We’re almost twenty years into this century and each year has brought an increase in the politicisation of the UK’s universities, with the resulting knock-on effect on the student population. In 2002, Tony Blair said that the government’s target was for 50% of eighteen-year-olds to enter higher education – a figure which it subsequently transpired he probably picked out of the air. David Cameron was keen on universities being run as businesses, while at the same time deploring the “narrowness” of the subjects they covered.
The introduction of tuition fees, starting at modest levels in 1998 and rising eventually to £9,000 a year in the academic year 2012 – 2013, meant universities were now in competition with each other, and trying not only to attract the best students or encourage students to enrol for the courses that best served their goals, but taking any students with the remotest prospect of gaining a degree, provided they could pay the fees. This has resulted in the phenomenon of 38% of students receiving unconditional offers, or offers with “unconditional components”, according to UCAS, this year. The practice has now come under scrutiny because there is evidence that some of these students have not made as much effort to gain good A level grades as they would have if they’d had targets to meet. Confusingly, the same quest to beat the competition has made sixth form colleges and secondary schools with sixth forms turn away students who did not achieve high GCSE grades, to preserve the reputation of the school.
In a partial about-turn, but still with the competitive aim very much in view, some universities are now offering incentives, in the form of bursaries, to students who get the best A level grades; others are offering reduced fees, putting money into “free” accounts for the purchase of study-related materials, or providing first-year students with computers in order to fill all the places they have available. And although in practice UK universities embrace the concept of “widening participation” with varying degrees of enthusiasm, all are paying it 110% lip service. But really it is all about bums on seats.
Now others are jumping on the student gravy train. Banks are offering cash incentives to students opening accounts. One very famous hardware manufacturer sells a computer costing almost £1000 which, recent adverts suggest, students can’t do without; they’re being offered it via a payment scheme of “only” almost £50 per month. It is easy for students to get loans, not just from the government, but from banks and other financial providers, including some very dubious ones.
Students have therefore become big business. Everyone wants a piece of the cash they do not actually have, but will somehow find ways of obtaining because they believe they are investing in their future. Sometimes the outcome will be worthwhile; on many occasions it won’t – they’ll either drop out of courses unsuitable for them or which they can’t keep on funding; emerge from university with degrees that don’t fit them for the jobs they want to do; or find that no jobs exist in their chosen field. And the real scandal is that it is becoming increasingly difficult for them to find someone to turn to for unbiased, well-informed advice before they make these costly decisions. Schools and universities are likely to put their own vested interests first; many parents still labour under the delusion that if only you can get a degree, the world will be your oyster.

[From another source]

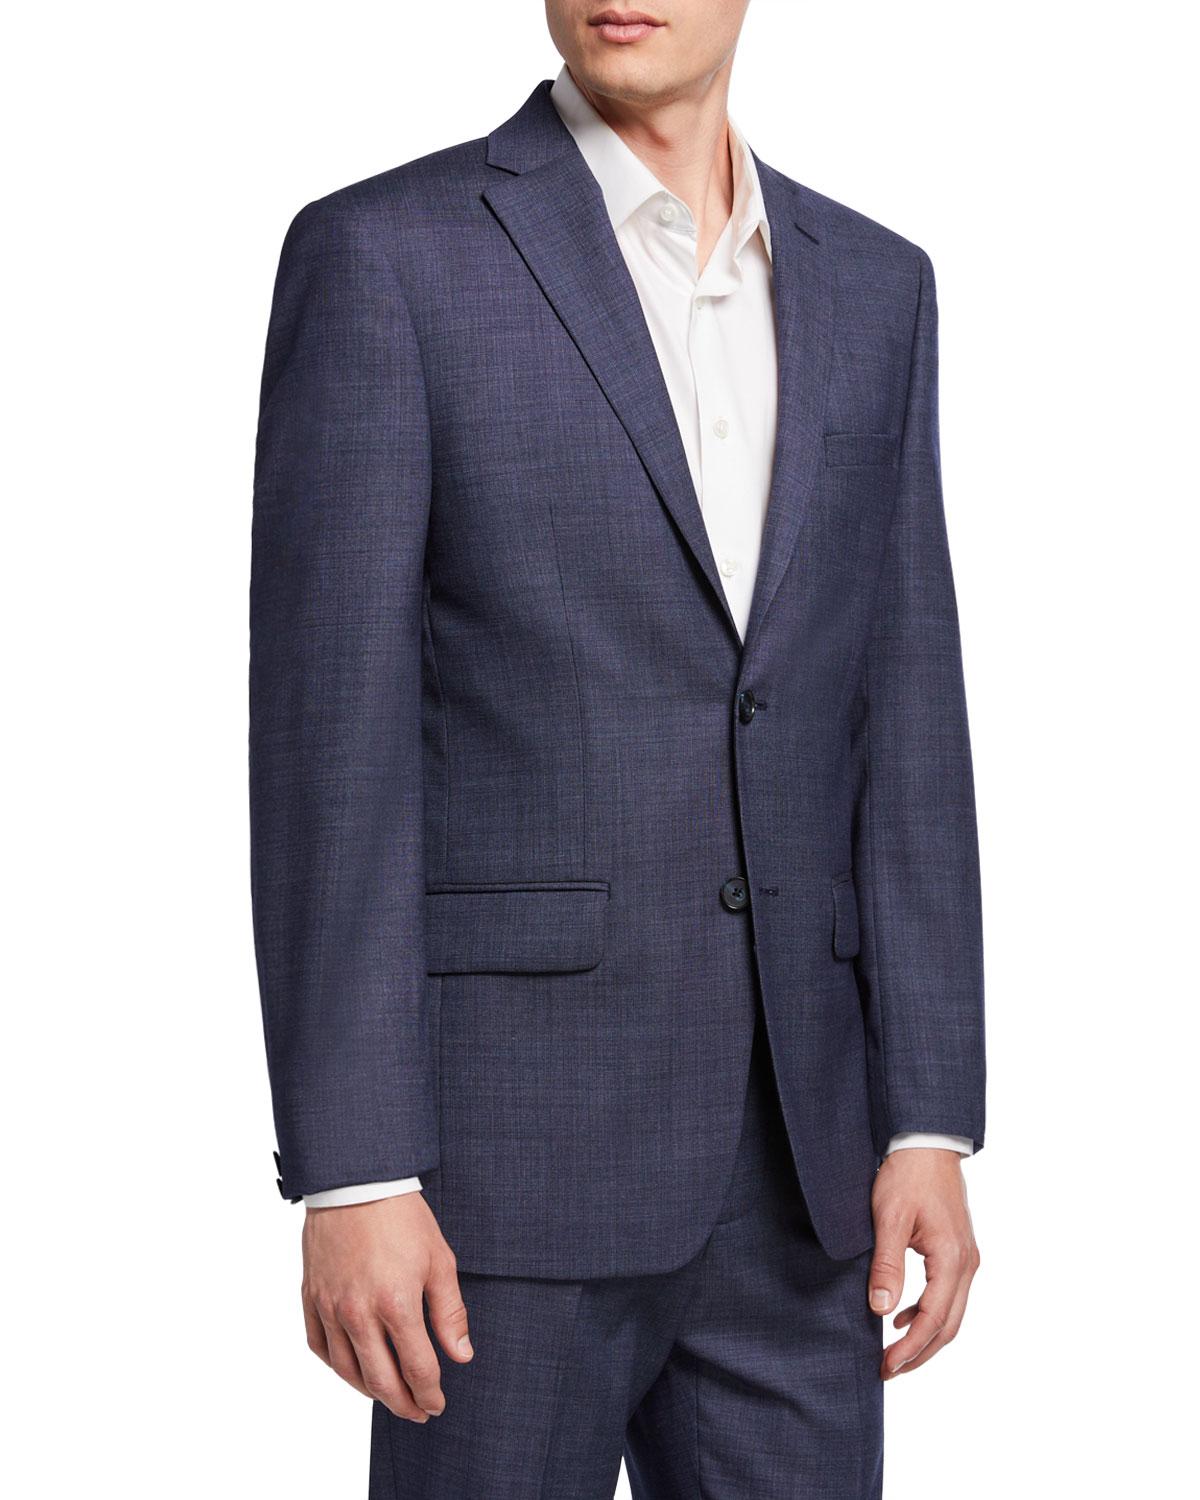 DKNY Slim-fit Wool Suit in Blue for Men - Lyst

Wouldn’t it be great if the institutions and businesses seeking to make money from students put back a little of that money to set up an independent advisory council for students – something akin to an Ombudsman Service, a financial planning service, a Citizen’s Advice Bureau and a careers advisory service rolled into one? It wouldn’t close down the gravy-train – to expect that would be too pie-in-the-sky – but at least it would help them to make wiser, better informed choices more suited to their needs.